I’d like to share with you some considerations about maintenance mode. From a design point of view maintenance mode is a great feature: I can suspend monitoring of single objects or objects groups. So I can suspend a single computer as well as my distributed app down to that single database instance. OK, the UI lacks the ability of schedule maintenance mode, but there are plenty of powershell scripts out there that can help you with this. So we though it could have been a good idea to schedule maintenance mode to adhere to defined maintenance windows for our systems. It’s only when we started to use maintenance mode that the nasty side (immo) came out.
The net result of maintenance mode is: performance hit and closed alerts that should not. The alert closing behavior is the issue that pushed us to get rid of scheduled maintenance in favor of custom scripts to suppress alerts generated during maintenance windows.

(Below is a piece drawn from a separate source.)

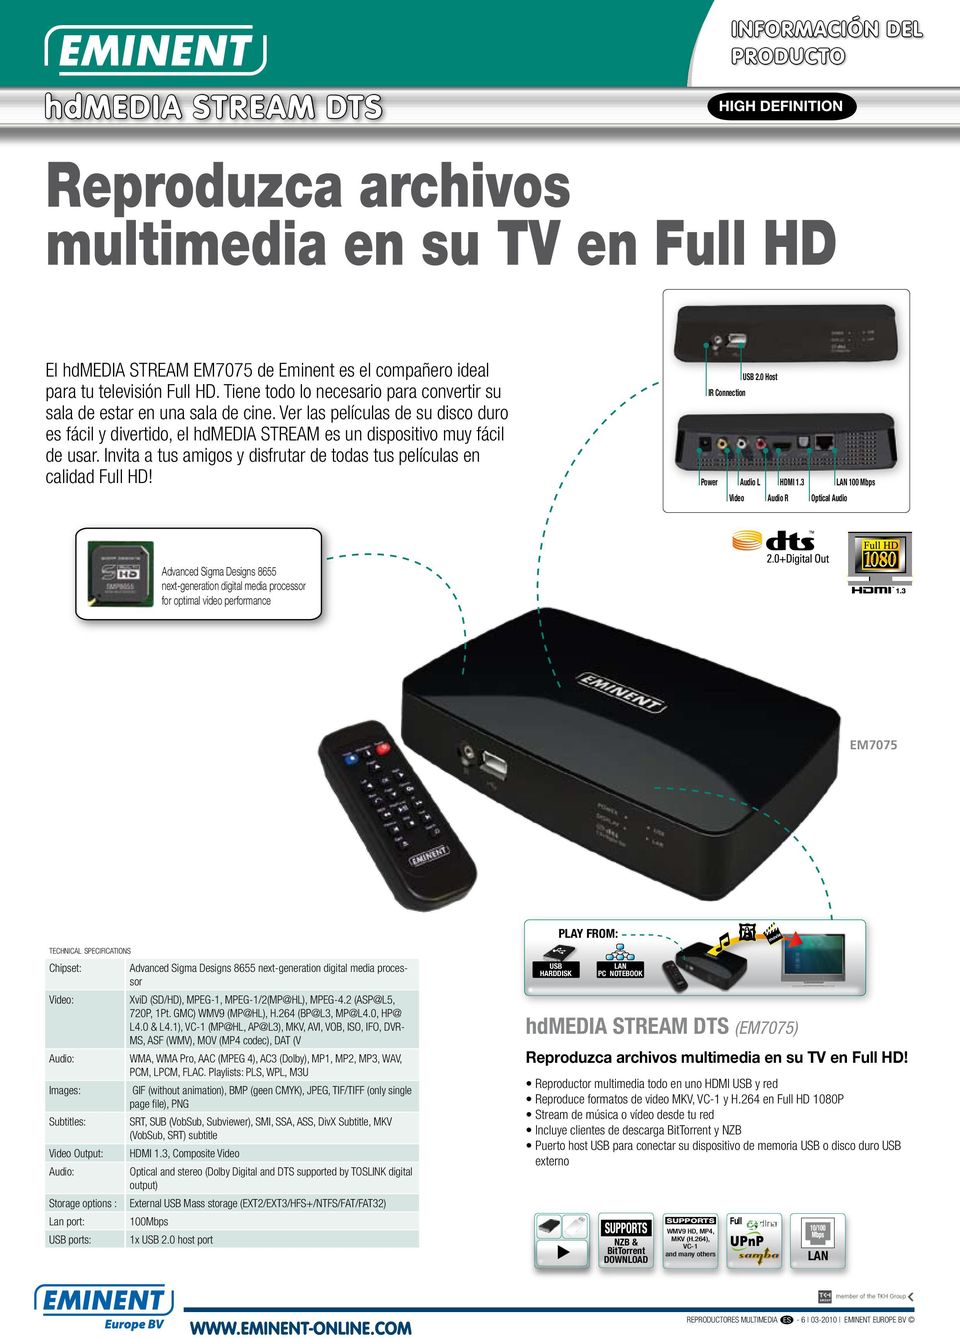 Invita a tus amigos y disfrutar de todas tus películas en calidad Full HD! USB 2.0 Host IR Connection Power Audio L Video HDMI 1.

What happens? When a managed entity is put into maintenance mode all its monitors status are changed to “Unmonitored”. The state change is used to track availability vs maintenance vs unavailability periods. When the maintenance window comes to an end all the monitors are reset, for monitors with On Demand Detections these are run to check the monitor status, for monitors without On Demand Detections they are reset to “green”.
So when we wake up form maintenance we have un status change from unknown to “true” status for monitor with on demand detections and to green for monitors without. This status change hits the RMS and then the DB. Old open alerts are closed when needed new alerts are opened.
Fig 1. alerts closed and then reopened after maintenance window.
But that’s not all, monitors without On Demand Detections are turned green and then recalculated, this means some of them will remain green but probably some of them will turn to red or yellow (state change once again).
Fig 2. Typical behavior of a monitor with on demand detections. Red – Unknown – Red
Fig 3. Typical behavior for a monitor without on demand detections. Red – Unknown – Green – Red
When monitors with “auto resolve alert” are reset (after maintenance mode) all the open alerts get closed with their associated properties you may have changed (i.e. resolution status, trouble ticket id, custom properties, …), for monitors still in troubles a brand new alert gets opened. This caused a lot of confusion for our support people and pushed us away from scheduled maintenance.
In the next few weeks I’ll check if maintenance mode behavior is changed with R2.